27 The plaintiff planned to travel to Sydney on 7 June to attend conferences with his legal representatives. Generally, it would be difficult for him to look for witnesses and keep his planned schedule with respect to conferences with counsel.
28 The plaintiff states that he has located a person described as "a Brisbane professional man" who is able to give evidence which would be supportive of his case in the event that the defendants are granted leave to plead justification. That witness is willing to come to Sydney and attend Court but he requires reimbursement of his fares and expenses.

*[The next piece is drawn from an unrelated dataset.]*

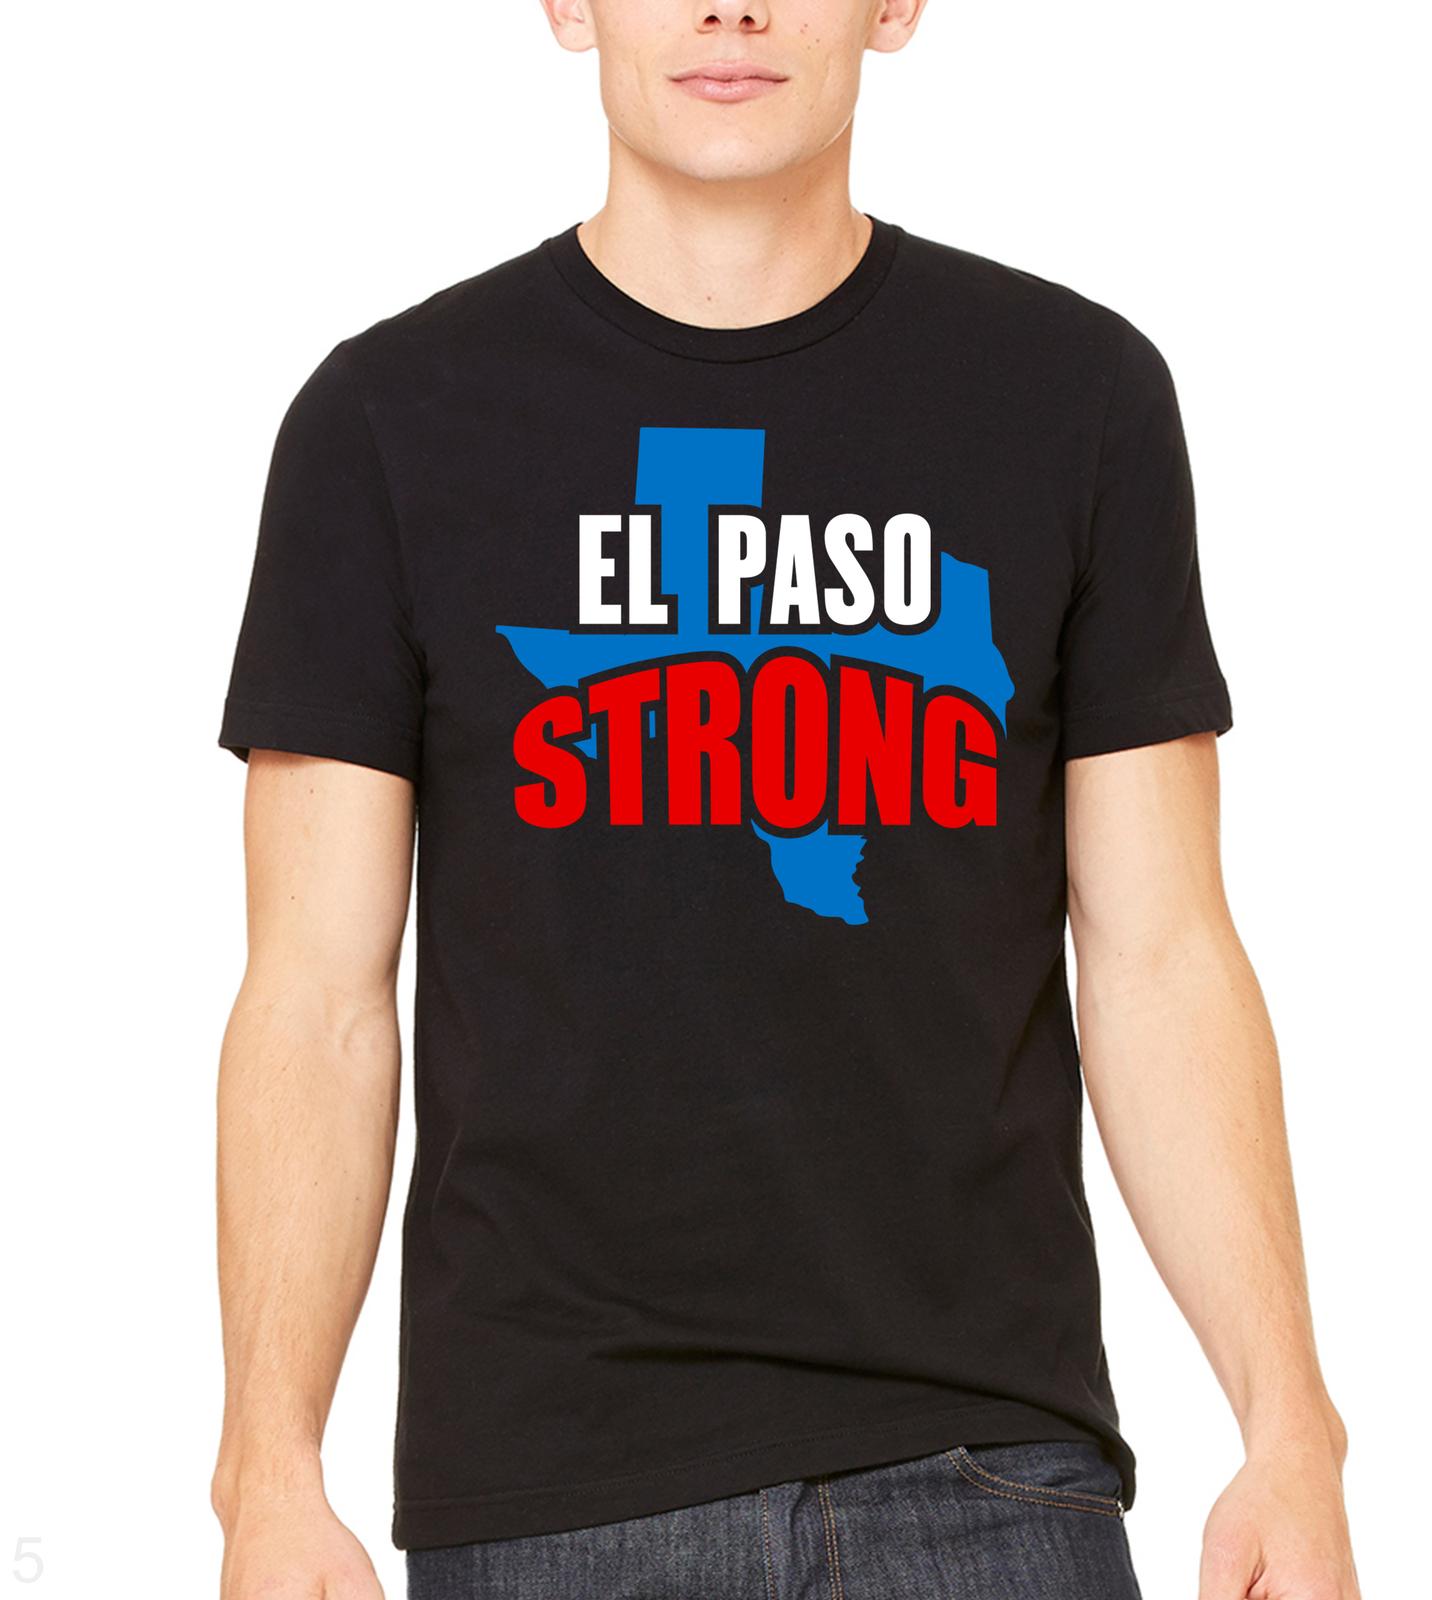 el paso strong unisex t shirt, El Paso Texas Strong tshirt El Paso Texas tee

29 The plaintiff says that he may have been able to borrow from friends and relatives an amount of $1,000 or $2,000. However, those to whom he might turn for assistance are themselves not well off and would need time to save money in order to lend it to him. I view that assertion with some circumspection. The plaintiff gives nothing in the way of detail to give substance to his hope that friends (themselves on apparently limited incomes) might if given enough time save up money to assist him with his legal proceedings. In any event I am not inclined to view considerations of this sort as bearing significantly on the question of whether to grant the defendants leave to amend. Difficulties the plaintiff may have in obtaining witnesses (consequent upon the grant of leave) may be met by vacating the trial date and an appropriate order for costs.